Feature Extraction Model: SuperPoint

SuperPoint is a self-supervised framework for interest point detection and description in images, suitable for a large number of multiple-view geometry problems in computer vision. As opposed to patch-based neural networks, SuperPoint, as a fully-convolutional model, operates on full-sized images and jointly computes pixel-level interest point locations and associated descriptors in one forward pass. The model introduces Homographic Adaptation, a multi-scale, multi-homography approach for boosting interest point detection repeatability and performing cross-domain adaptation (e.g., synthetic-to-real). Besides, the model is able to repeatedly detect a much richer set of interest points than the initial pre-adapted deep model and any other traditional corner detector. The final system gives a state-of-the-art homography estimation results comparing the traditional feature extraction algorithms such as LIFT, SIFT and ORB.

Model Architecture:

  • Shared Encoder:

    • The model uses a shared convolutional neural network (CNN) encoder to process the input image.

    • This encoder extracts feature maps that are used for both keypoint detection and descriptor generation.

  • Detector Head:

    • The detector head takes the feature maps from the shared encoder and predicts keypoint locations.

    • It outputs a probability heatmap where each pixel’s value represents the likelihood of being a keypoint.

  • Descriptor Head:

    • The descriptor head also takes the feature maps from the shared encoder and generates dense descriptors for each pixel.

    • These descriptors are typically 256-dimensional vectors that describe the local image patch around each pixel.

More Information:

Model Conversion

The SuperPoint model is trained using TensorFlow but can achieve optimized inference performance on Intel devices using Intel® OpenVINO™. To enable this, the TensorFlow model can be directly converted to the Intel® OpenVINO™ IR format.

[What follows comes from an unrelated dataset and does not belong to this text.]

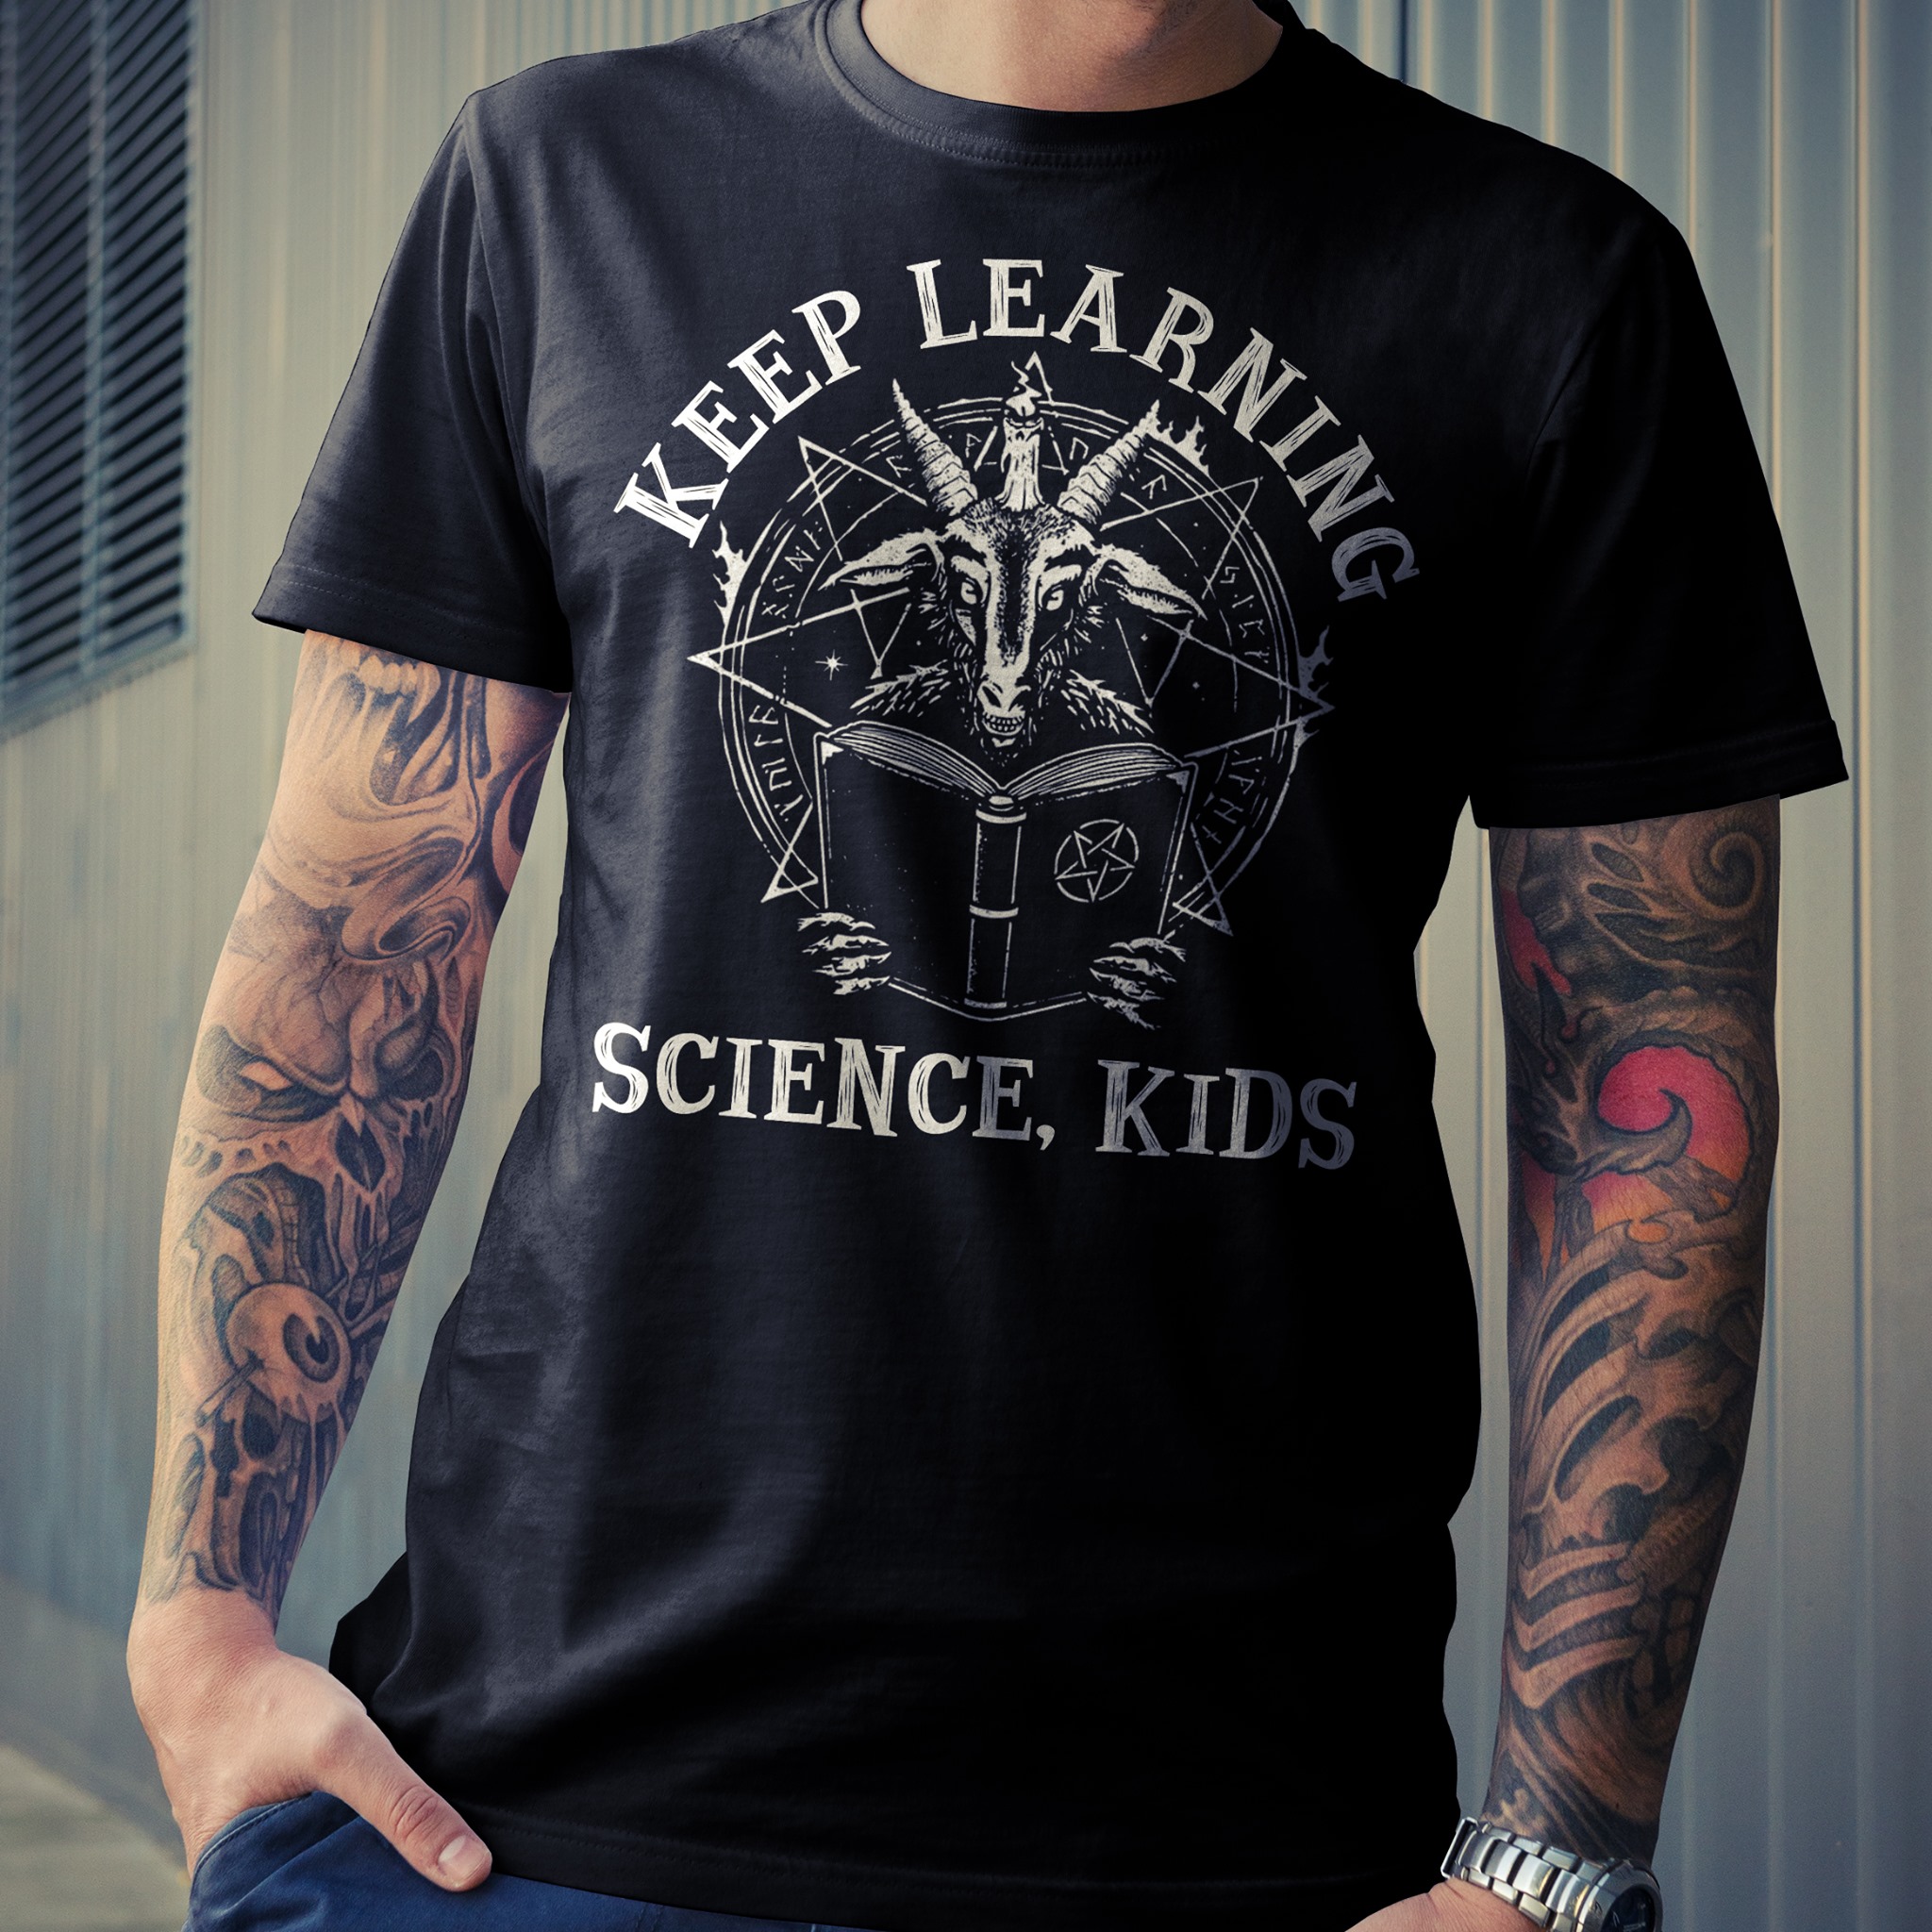 Keep learning science, kids - Ghost satan

Download the Pretrained Model

The pretrained model sp_v6.tgz can be downloaded directly from the repository: SuperPoint Pretrained Models

After downloading, extract the model using the following command:

$ tar -xvzf sp_v6.tgz

Convert TensorFlow Model to OpenVINO IR

Ensure OpenVINO is Installed

Note

Make sure OpenVINO is installed by following the guide: Install OpenVINO via pip

Convert the Model using OpenVINO Conversion Tool

Since the model is in TensorFlow format, it can be converted to OpenVINO’s Intermediate Representation (IR) format using OpenVINO’s command-line model conversion tool, ovc.

Run the following command to perform the conversion:

$ cd sp_v6
$ ovc ./ --input [1,1280,720,1]

  • --input [1,1280,720,1]: Specifies the input dimensions of the model. The parameters represent:

    • 1: Batch size (process 1 image at a time).

    • 1280: Height of the input image (adjust according to your input data).

    • 720: Width of the input image (adjust according to your input data).

    • 1: Number of channels (1 for grayscale images; use 3 for color images).

By default, this command converts the model to FP16 IR format, generating the following files in the current directory:

  • sp_v6.xml: Defines the model topology (structure and layers).

  • sp_v6.bin: Contains the model weights and binary data.

If you need an FP32 precision model, add the following parameter to the ovc conversion command:

$ ovc ./ --input [1,1280,720,1] --compress_to_fp16=False

Additional Notes

  • Converting to FP16 (default) generally results in better performance on Intel devices (especially those with AVX-512 support) while maintaining a good balance of accuracy.

  • FP32 models should be used if you need higher accuracy but are willing to trade some inference speed for it.